American attorney, academic, and government official

Kenneth L. Marcus is an American attorney, academic, and government official. He is the founder and chairman of the Brandeis Center. He was the Assistant Secretary for Civil Rights at the United States Department of Education from August 6, 2018, through July 9, 2020, after which he resumed his position at the Brandeis Center. While working at the Department of Education's Office for Civil Rights, Marcus authored a reinterpretation of the Title VI of the Civil Rights Act of 1964 to expand protections against racial discrimination in education to include religious discrimination. Marcus has also advocated for the adoption of the IHRA definition of antisemitism.

Marcus previously served as the Lillie and Nathan Ackerman Chair in Equality and Justice in America at Baruch College in New York. He also previously served as staff director of the United States Commission on Civil Rights (OCR).

== Education ==
Marcus was raised in Sharon, Massachusetts, and graduated from Sharon High School in 1984. He then attended Williams College, where he was a member of Phi Beta Kappa and graduated magna cum laude in 1988. He received a Juris Doctor from University of California, Berkeley, School of Law, Boalt Hall in 1991.

== Career ==

=== Berkeley Three case ===

Early in his career, Marcus served as lead counsel for the Berkeley Three, three neighbors in Berkeley, California who had protested against a planned low-income housing project for the homeless in their neighborhood in 1993 by the U.S. Department of Housing and Urban Development (HUD). A housing rights group complained about the protests and four federal HUD officials began investigating the neighbors. The neighbors, represented by Marcus and the Center for Individual Rights, sued the officials alleging that the investigation had violated their First Amendment rights. In 1998, a federal district court ruled in favor of the neighbors and the verdict was upheld by the U.S. Court of Appeals for the Ninth Circuit in 2000 which, in a unanimous opinion, held that the investigating officials "could not have reasonably believed their actions to be consistent with the First Amendment." Publicity regarding the case forced HUD to change its policy on fair housing investigations.

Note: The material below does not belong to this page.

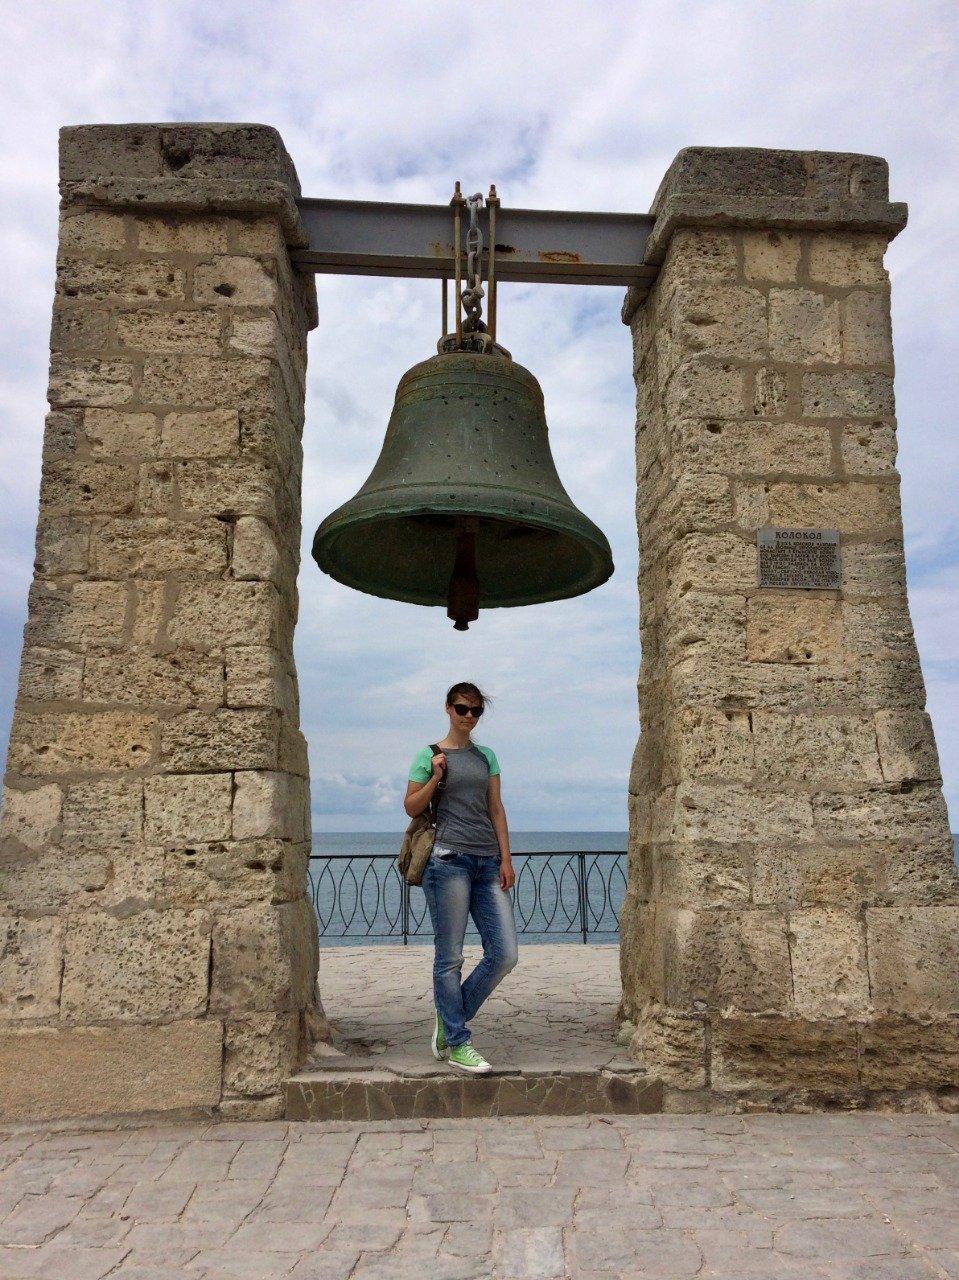 Прогулка по Херсонесу Таврическому (той самой Корсуни). Стоит ли ехать туда сегодня?

=== Fair Housing Enforcement ===
Marcus served in various roles in the George W. Bush administration, beginning as General Deputy Assistant Secretary at the Office of Fair Housing and Equal Opportunity. Marcus also joined with Department of Justice officials to announce the resolution of various high-profile disabilities lawsuits. In a congressional hearing in 2002, he testified about the agency's performance under his stewardship. He said the agency's aged-case backlog had reduced from 80 percent to 37.1 percent and that HUD increased the number of accessible housing units for a person with a disability by over 1200 through major cases in the District of Columbia and Boston. He also announced new initiatives to address predatory lending and lending discrimination, as well as enhanced attention to housing problems faced by persons in the Southwest border area.

=== Office for Civil Rights ===
Marcus served as Staff Director of the U.S. Commission on Civil Rights from 2004 to 2008.

In May 2004, Marcus issued a letter admonishing recipients of federal education funds that in order to comply with Title IX they must designate a Title IX coordinator because OCR had found that some institutions were not complying with the requirement. Members of the National Coalition for Women and Girls in Education had urged OCR to issue such guidance to strengthen Title IX. The Feminist Majority Foundation welcomed the letter.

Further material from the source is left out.